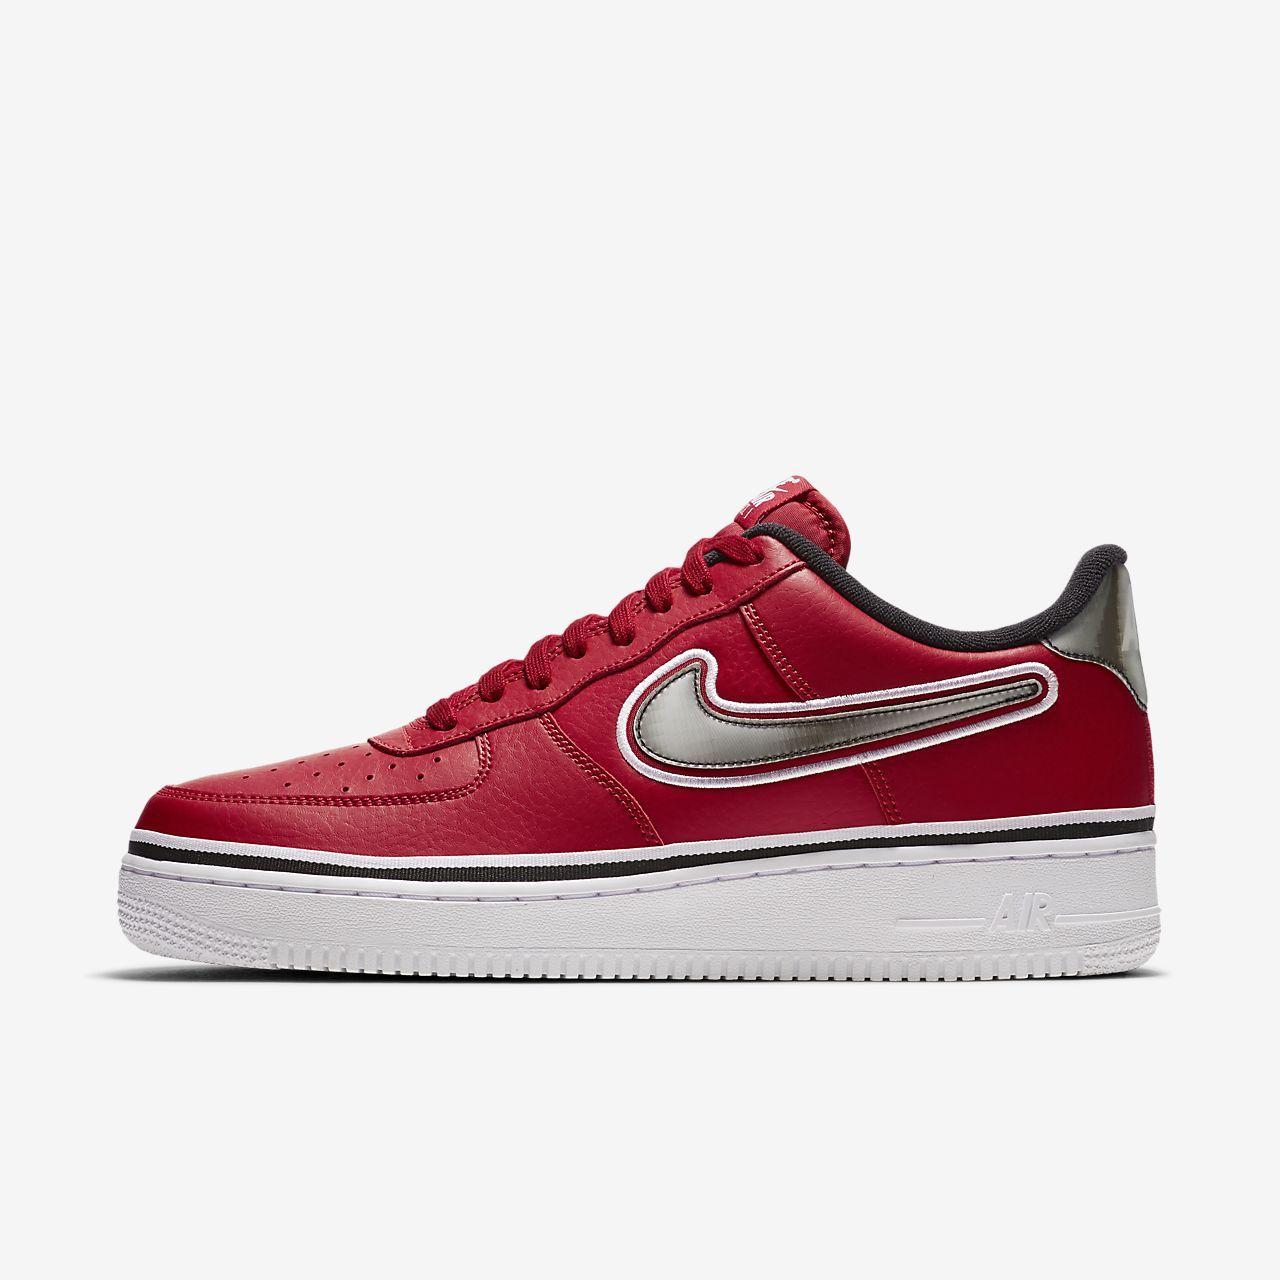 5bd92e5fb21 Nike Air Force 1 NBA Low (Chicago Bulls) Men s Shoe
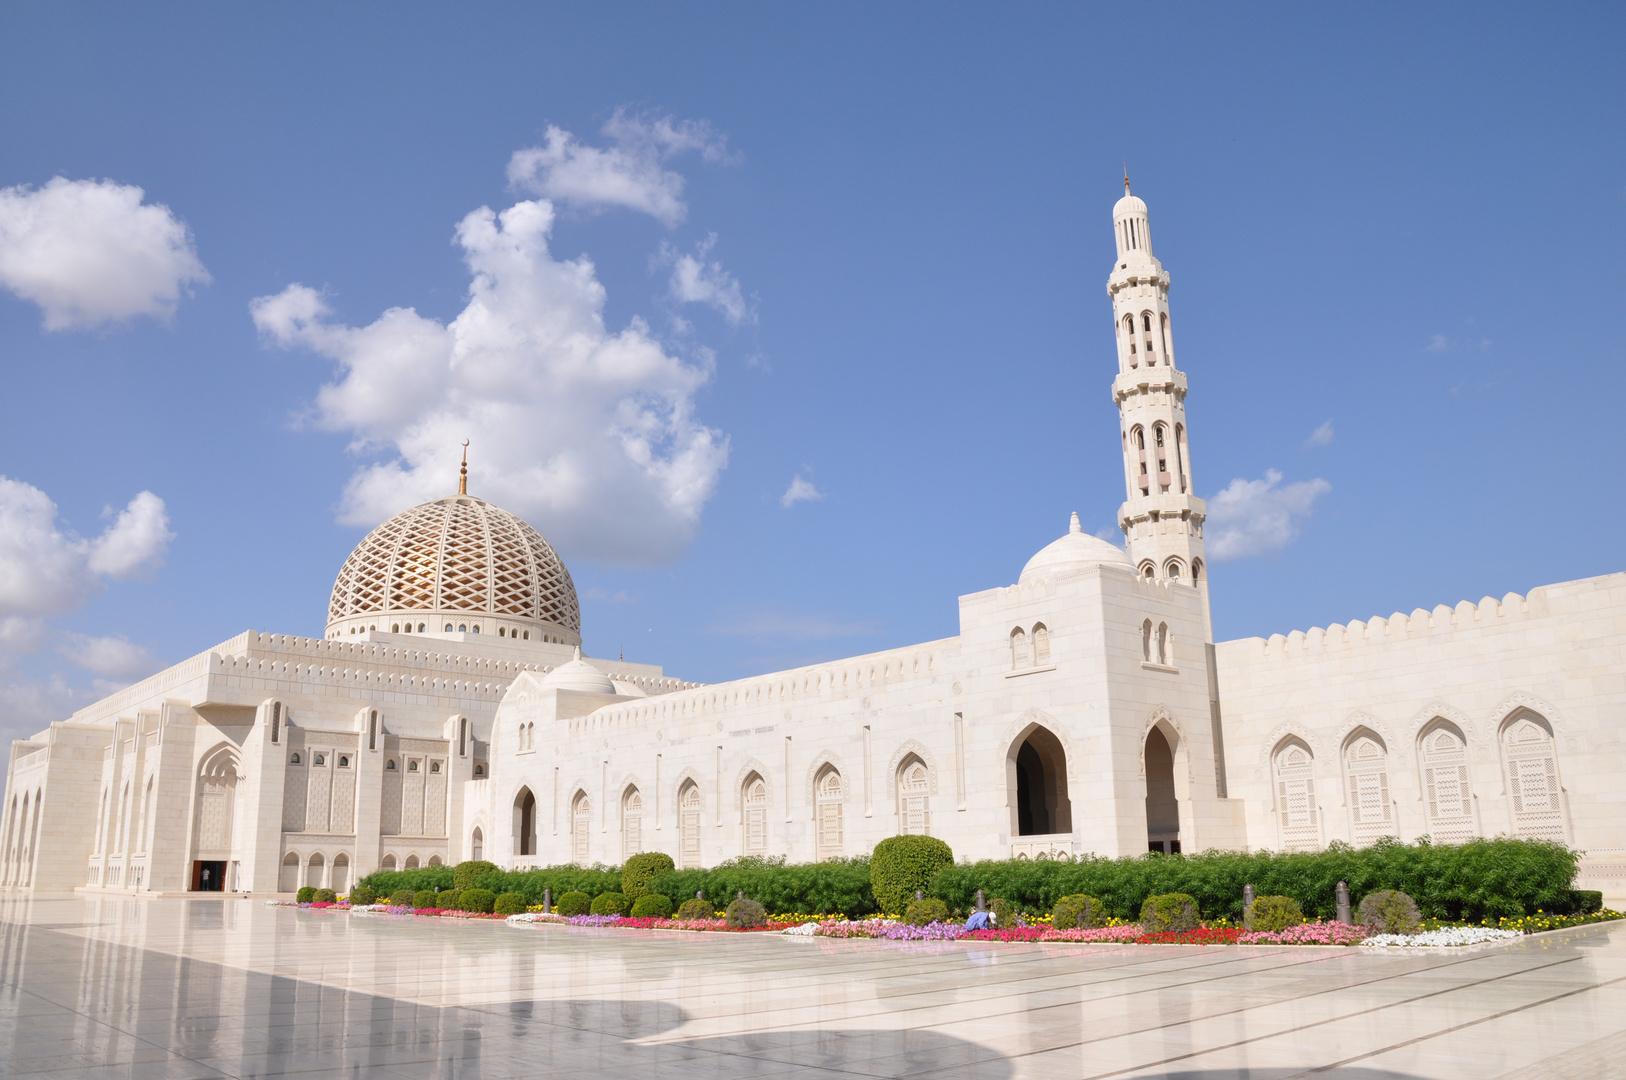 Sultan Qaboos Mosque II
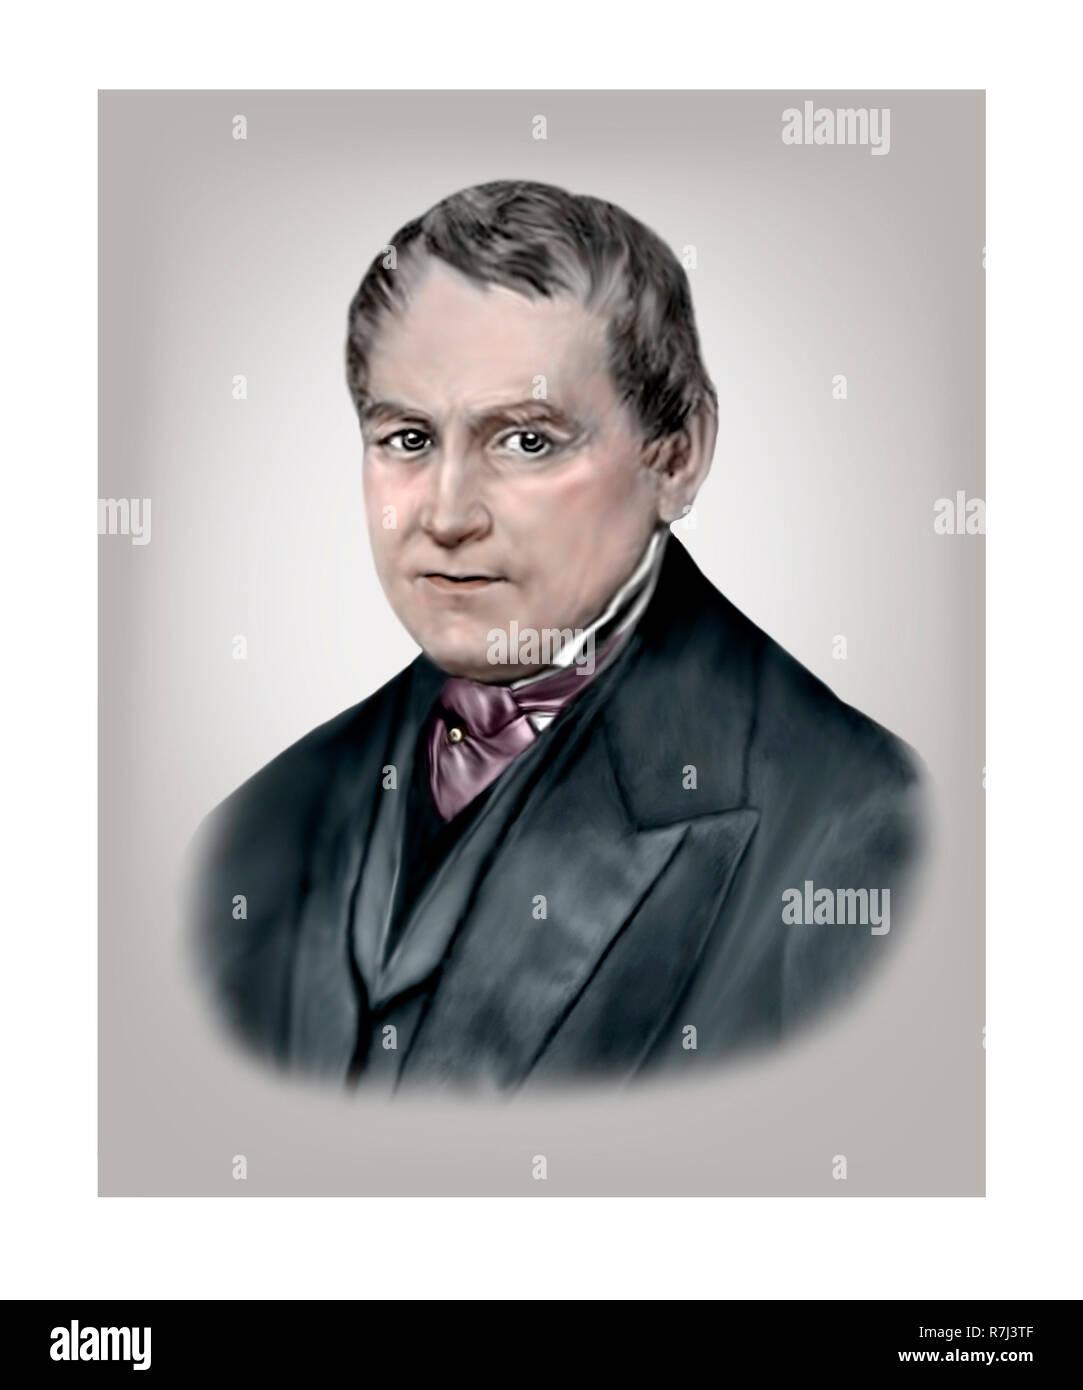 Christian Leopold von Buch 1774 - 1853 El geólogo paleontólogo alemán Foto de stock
################
Return each line above word for word. Skip the pictures.

 5bd92e5fb21 Nike Air Force 1 NBA Low (Chicago Bulls) Men s Shoe
 Sultan Qaboos Mosque II
 Christian Leopold von Buch 1774 - 1853 El geólogo paleontólogo alemán Foto de stock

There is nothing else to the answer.